I am a plant killer. In spite of my best efforts, my plants at home have a tendency of giving up on life. (Perhaps that’s what made me such a good candidate for today’s weeding activity). It was only during Circuit Breaker that I took up gardening once more, this time with cucumbers and cherry tomatoes, and I realised where I had gone wrong in the past. I had always assumed that my job was to scatter the seeds, provide water and sunlight, and then sit back and wait for the seedlings to shoot up. I have now realised that these initial bursts of dedication were not enough – my plants need consistent and continued care.

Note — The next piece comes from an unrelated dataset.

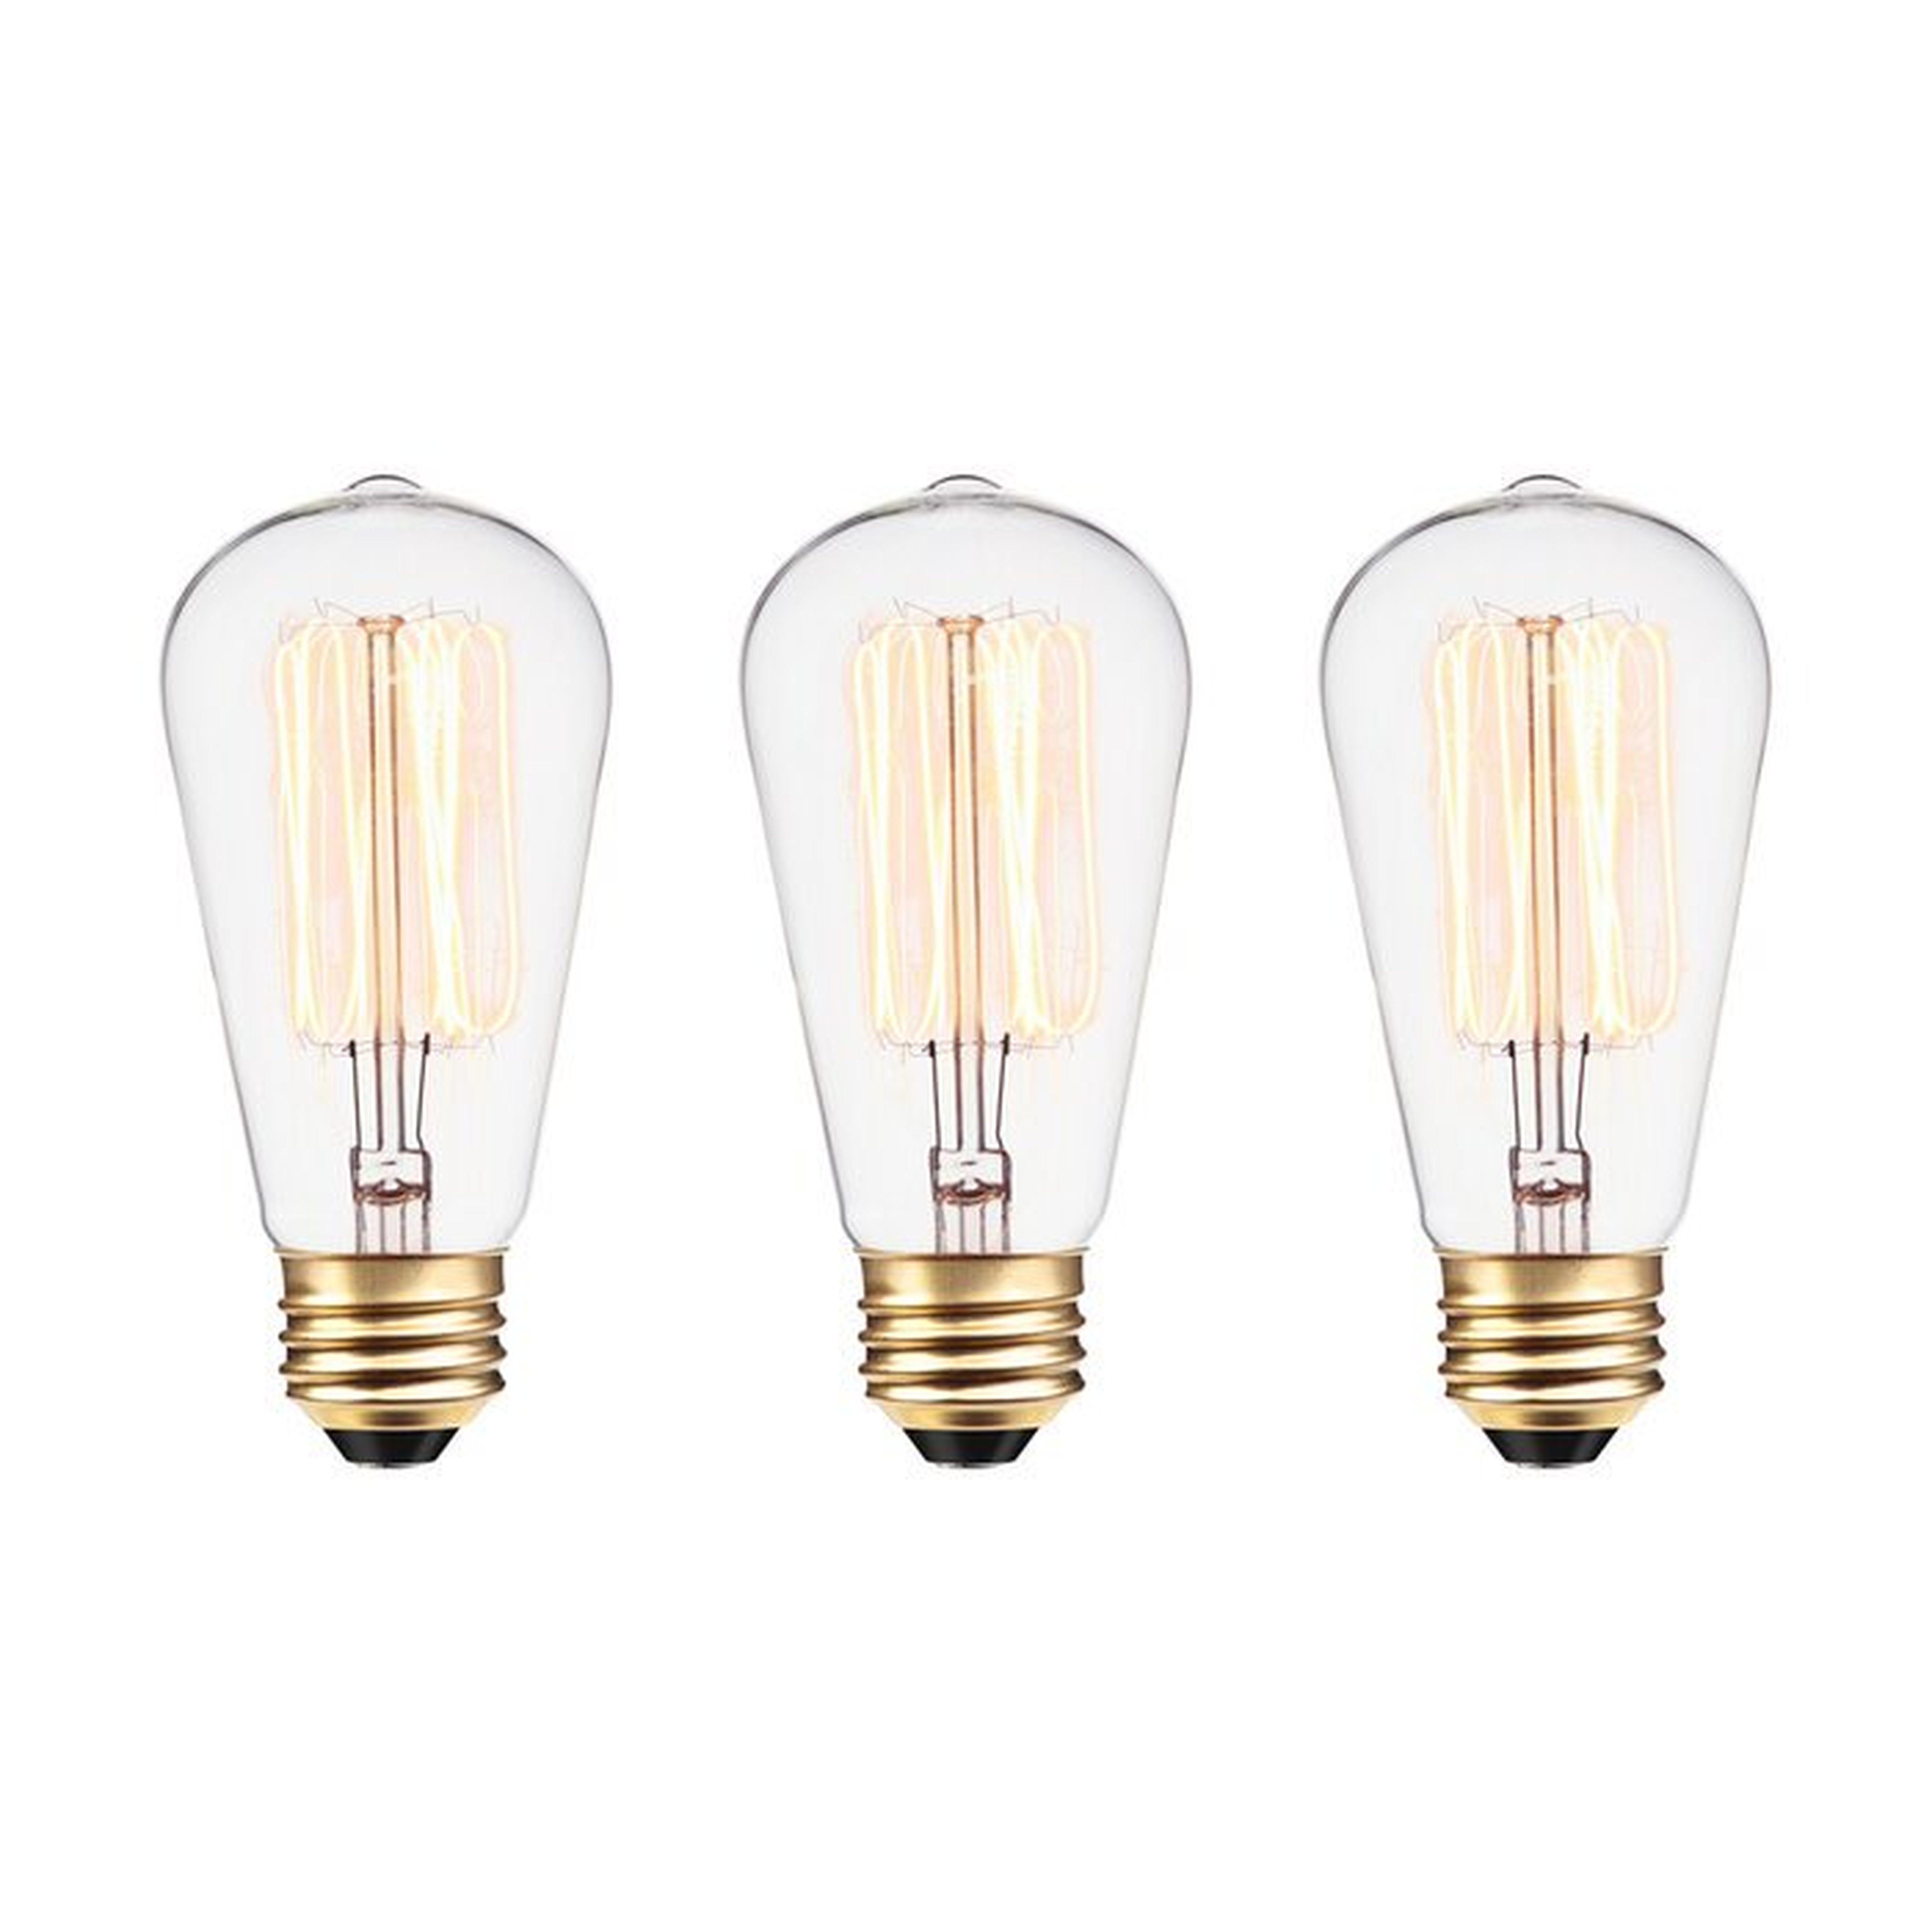 60 Watt A19 Incandescent, Dimmable  Light Bulb, Warm White (2700K) E26/Medium (Standard) Base - Wayfair

This morning, I joined my fellow volunteers from Jane Goodall Institute (Singapore) to do maintenance work at the Plant for Hope sites at Thomson Nature Park. Armed with hoes and enthusiasm, we wrestled with stubborn weeds that had overgrown the plot, with the goal of reforesting the plot with local tree species (the critically endangered Ailanthus integrifolia), so as to support a larger, local biodiversity of life. The Plant for Hope initiative, launched by Dr Jane Goodall herself when she visited Singapore in November 2019, is one of several Roots & Shoots programmes that hopes to inspire and engage the youth community in Singapore. Under Plant for Hope, 90 saplings were planted in a reforestation plot in Thomson Nature Park, in line with Dr Jane’s broader aim of regenerating forests around the world. Yet, just as my seedlings at home need continued care, simply planting saplings at Thomson Nature Park does not constitute reforestation. The fact that Dr Jane had planted the first tree here is not a guarantee of success nor sustainability. For any of our efforts to be truly sustainable, what is needed is sustained action – for example, our morning of weeding at the park.

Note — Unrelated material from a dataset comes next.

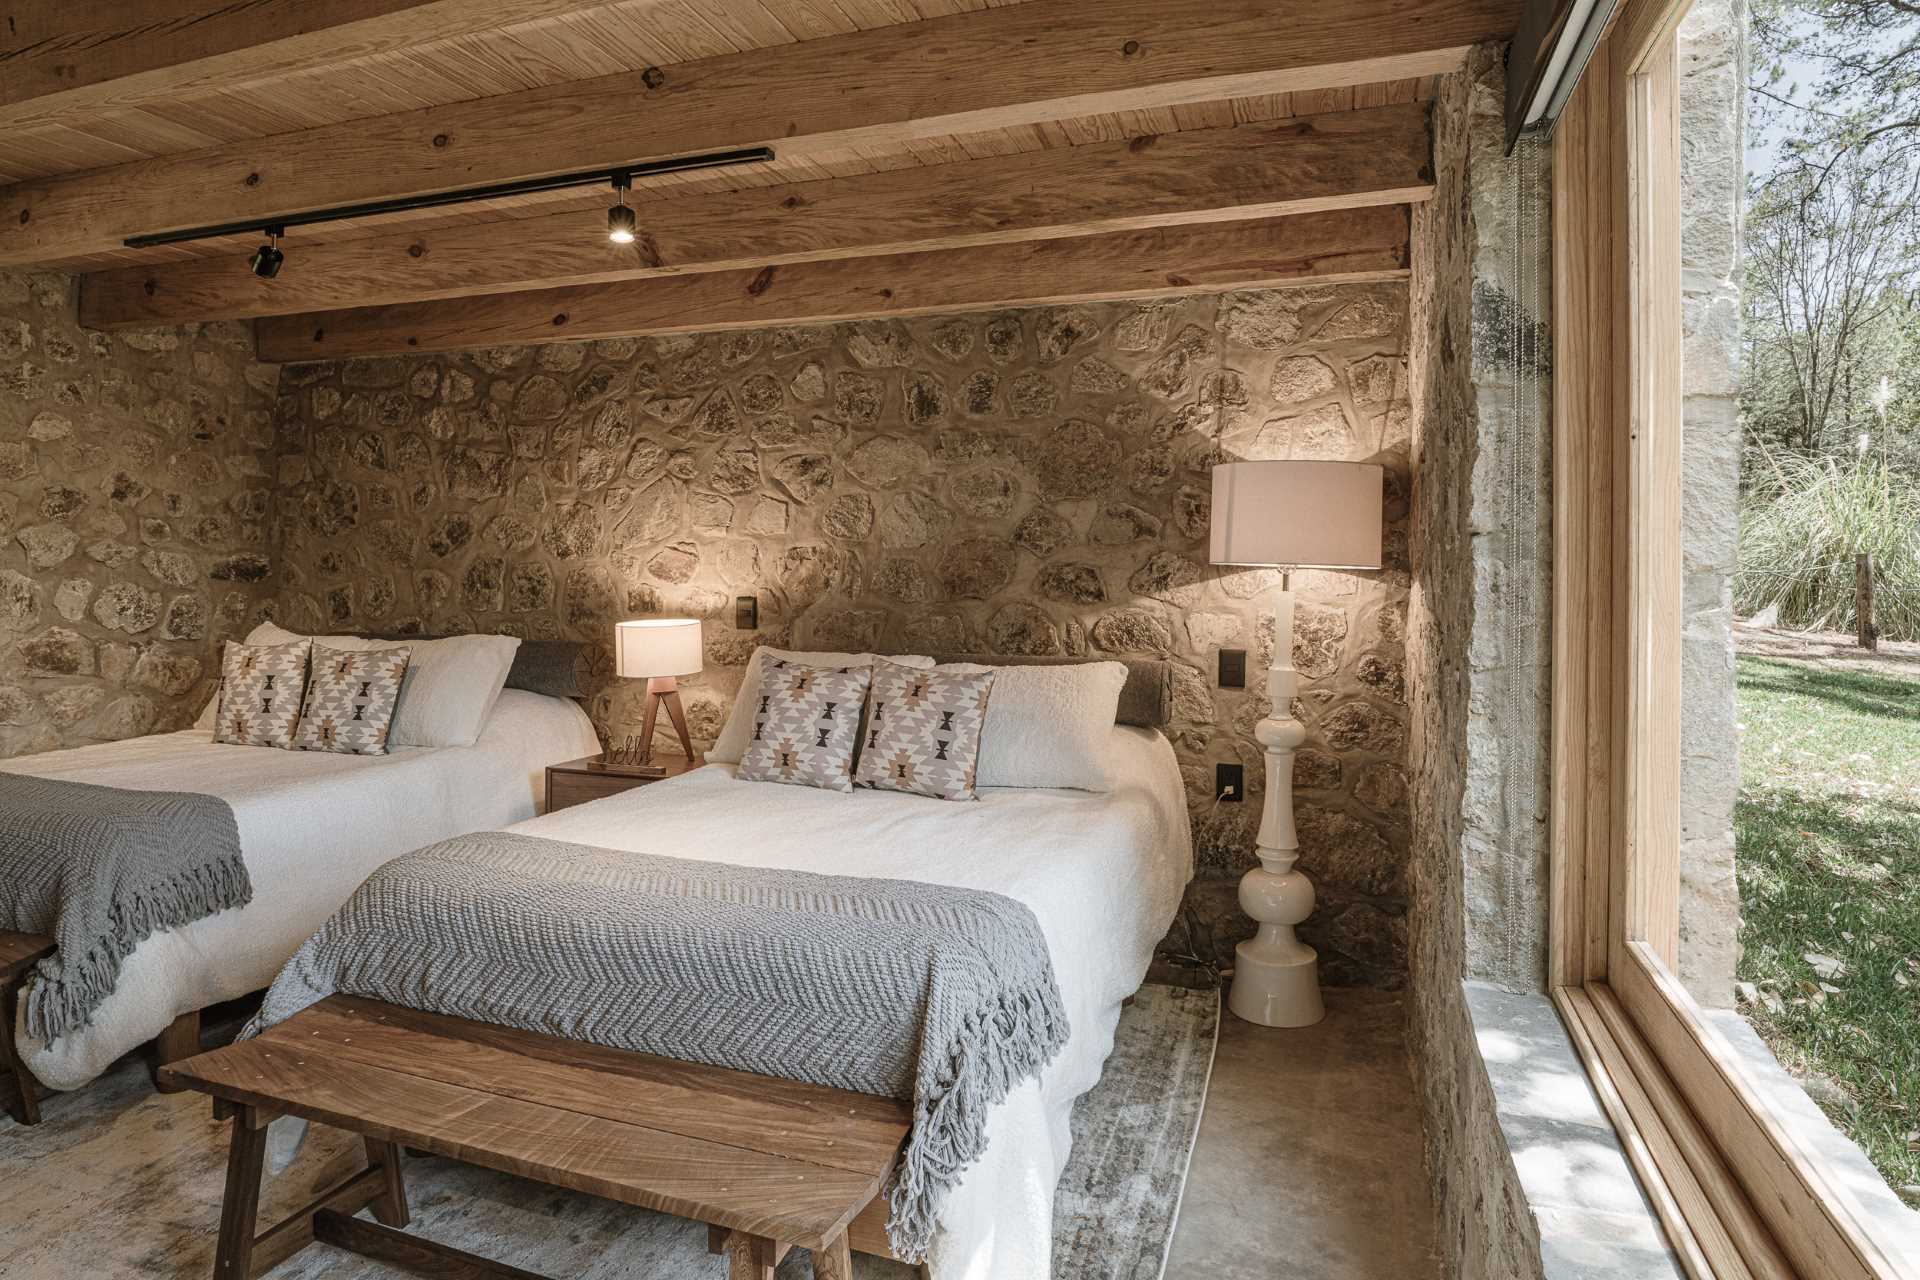 یک اتاق خواب مدرن سنگ و چوب با دو تخت و کابینت توکار.

The digital native generations of today receive flak for nearly everything they do, particularly on social media platforms. For instance, ‘slacktivism’ and ‘clicktivism’ refer to the act of showing support for a cause by liking or sharing a post online, but not doing anything to change the real world. While I have my doubts about these criticisms, I do believe that our shortening attention spans are making us less willing to follow through with our good intentions. Sometimes I get overwhelmed by the constant news cycle of disaster and doom, and this compassion fatigue makes me afraid to invest too much energy into a single cause, in fears of missing out on another worthy cause. Regardless, I wonder if perhaps the buzzword of sustainability ought to be complemented by its less sexy but no less important sibling – commitment. And in turn, commitment requires collective action. On our own, dedication often becomes tiredness. But together, it is tireless. Whether it is the volunteers at JGIS, the Nature Society (Singapore), or the numerous visitors at Thomson Nature Park this morning who expressed interest in helping out, there are more than enough of us who have this love of nature. It’s up to us, now, to put that love out into the world.

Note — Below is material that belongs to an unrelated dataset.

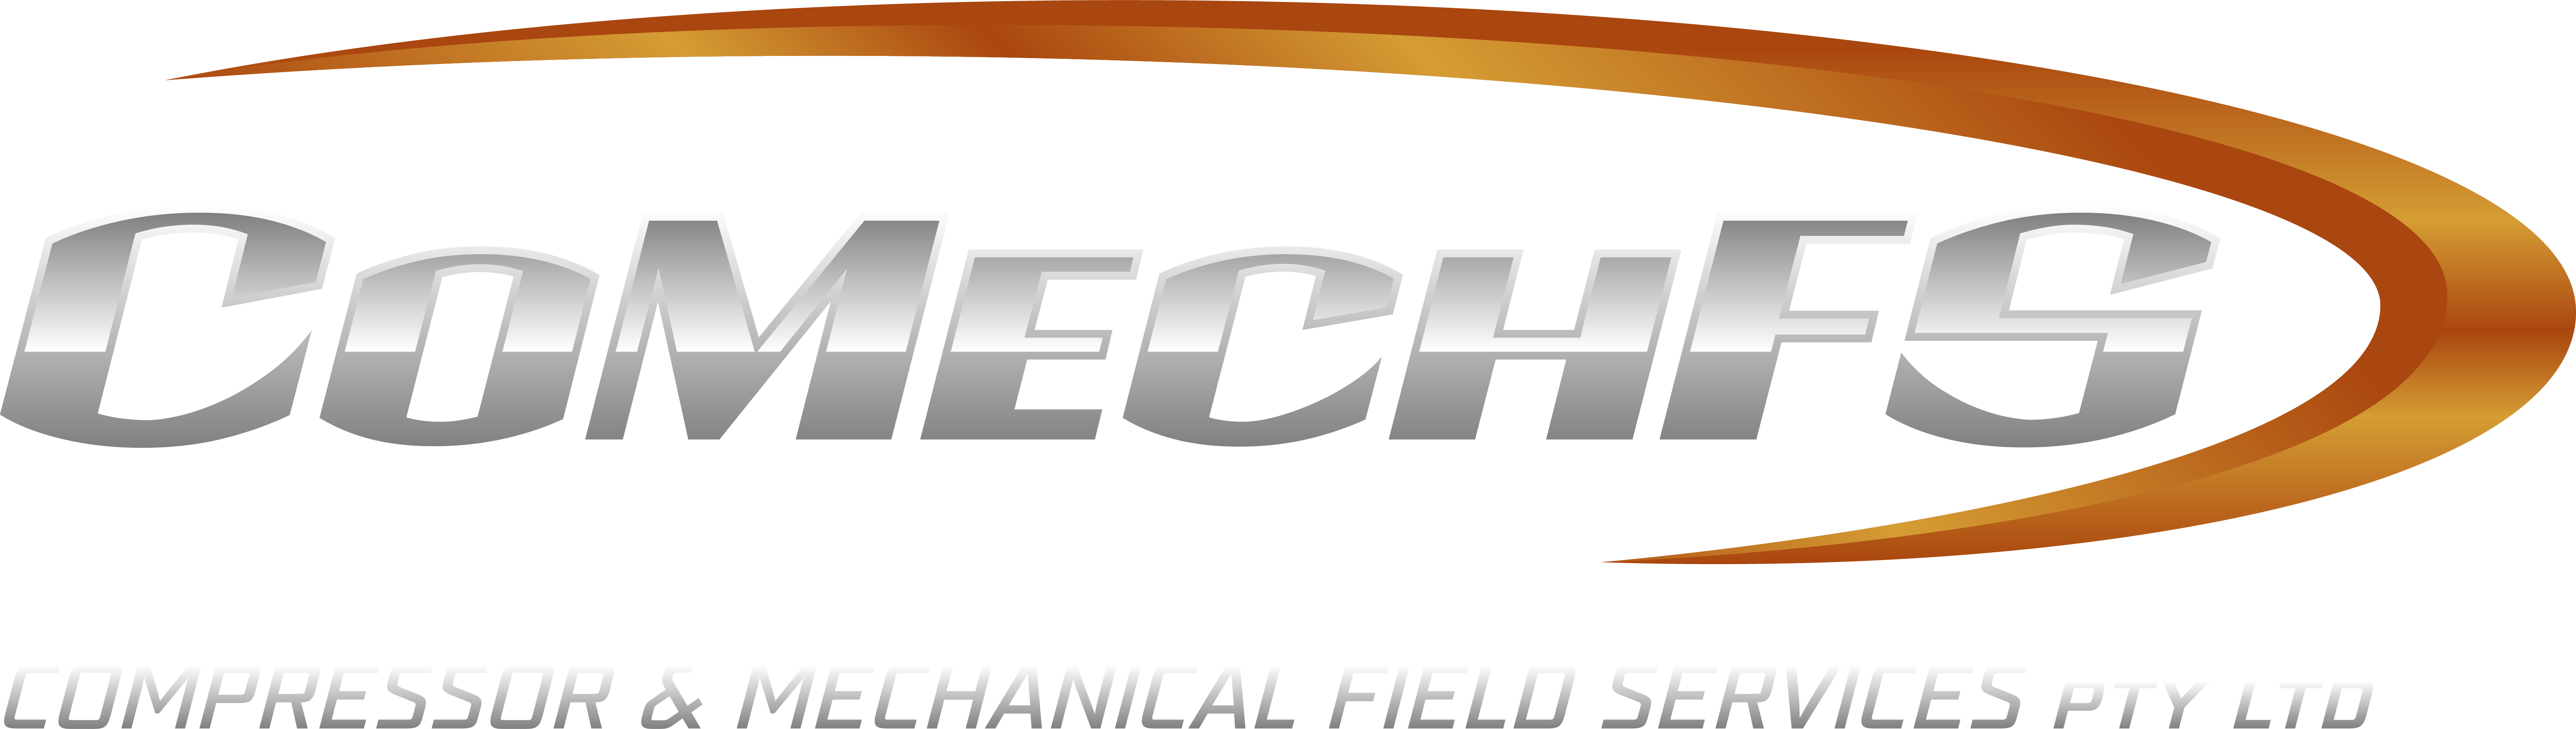 CoMechFS - Logo (transparent BG)

Real change never happens overnight. Reforesting Singapore with native species will take decades, and in these first few years of growth, our maintenance work is just as important as the initial scattering of seeds. Beyond trees, shaping a more sustainable Singapore requires our continued commitment, not just a single call for change. Indeed, we need to sow the seeds of hope (as Dr Jane advocates in her latest book, titled Seeds of Hope). But hope, once sown, must also be nourished and nurtured. I’ve learnt this the hard way, through wilting and withered plant babies. Yet my recent CB-inspired endeavour, sustained with watering and words of encouragement, shows signs of bearing fruit (cucumbers and tomatoes, to be precise). So, there is hope still!